What you need to do: Reproduce, with no alteration, the span of lines that begins at the line containing "Page 3 of doujinshi" and ends at the last line of the records, both ends included, and nothing else.

Records provided:

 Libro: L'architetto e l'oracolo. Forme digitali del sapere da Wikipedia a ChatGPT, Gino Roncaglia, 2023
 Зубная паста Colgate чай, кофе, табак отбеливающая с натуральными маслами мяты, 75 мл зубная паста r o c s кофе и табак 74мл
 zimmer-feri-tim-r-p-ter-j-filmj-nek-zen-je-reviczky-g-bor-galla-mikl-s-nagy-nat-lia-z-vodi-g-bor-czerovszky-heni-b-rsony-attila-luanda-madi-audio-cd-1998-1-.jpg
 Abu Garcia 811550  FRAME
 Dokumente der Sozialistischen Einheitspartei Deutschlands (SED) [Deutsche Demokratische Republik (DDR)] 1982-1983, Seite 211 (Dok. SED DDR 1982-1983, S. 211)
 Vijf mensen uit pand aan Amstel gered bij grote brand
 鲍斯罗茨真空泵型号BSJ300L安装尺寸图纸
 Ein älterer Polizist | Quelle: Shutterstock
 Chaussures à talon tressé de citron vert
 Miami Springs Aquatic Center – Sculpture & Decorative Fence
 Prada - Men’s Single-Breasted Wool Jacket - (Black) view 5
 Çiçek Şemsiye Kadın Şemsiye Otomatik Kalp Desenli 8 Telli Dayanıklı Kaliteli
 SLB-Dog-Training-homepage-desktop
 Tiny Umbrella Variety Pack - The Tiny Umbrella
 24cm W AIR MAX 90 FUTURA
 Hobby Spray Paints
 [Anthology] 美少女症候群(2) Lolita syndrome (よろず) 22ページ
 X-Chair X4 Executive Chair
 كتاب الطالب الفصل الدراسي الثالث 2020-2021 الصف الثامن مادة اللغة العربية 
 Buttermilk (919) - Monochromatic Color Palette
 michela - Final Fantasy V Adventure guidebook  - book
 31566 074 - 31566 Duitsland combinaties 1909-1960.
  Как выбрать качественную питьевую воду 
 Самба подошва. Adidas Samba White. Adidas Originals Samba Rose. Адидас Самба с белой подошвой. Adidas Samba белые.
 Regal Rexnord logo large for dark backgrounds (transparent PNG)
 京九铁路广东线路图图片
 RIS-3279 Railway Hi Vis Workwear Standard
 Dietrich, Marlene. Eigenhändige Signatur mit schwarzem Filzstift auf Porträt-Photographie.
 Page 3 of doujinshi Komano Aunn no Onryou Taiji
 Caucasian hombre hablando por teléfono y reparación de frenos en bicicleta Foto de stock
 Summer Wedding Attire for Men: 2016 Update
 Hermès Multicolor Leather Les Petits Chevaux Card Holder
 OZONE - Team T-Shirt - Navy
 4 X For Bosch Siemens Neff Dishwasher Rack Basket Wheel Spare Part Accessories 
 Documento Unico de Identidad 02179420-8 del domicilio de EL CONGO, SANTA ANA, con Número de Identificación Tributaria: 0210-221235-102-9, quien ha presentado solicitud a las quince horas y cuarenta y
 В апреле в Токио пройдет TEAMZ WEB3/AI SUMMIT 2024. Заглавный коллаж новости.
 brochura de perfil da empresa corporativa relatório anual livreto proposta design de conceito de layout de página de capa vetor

Result of this exercise:
 Page 3 of doujinshi Komano Aunn no Onryou Taiji
 Caucasian hombre hablando por teléfono y reparación de frenos en bicicleta Foto de stock
 Summer Wedding Attire for Men: 2016 Update
 Hermès Multicolor Leather Les Petits Chevaux Card Holder
 OZONE - Team T-Shirt - Navy
 4 X For Bosch Siemens Neff Dishwasher Rack Basket Wheel Spare Part Accessories 
 Documento Unico de Identidad 02179420-8 del domicilio de EL CONGO, SANTA ANA, con Número de Identificación Tributaria: 0210-221235-102-9, quien ha presentado solicitud a las quince horas y cuarenta y
 В апреле в Токио пройдет TEAMZ WEB3/AI SUMMIT 2024. Заглавный коллаж новости.
 brochura de perfil da empresa corporativa relatório anual livreto proposta design de conceito de layout de página de capa vetor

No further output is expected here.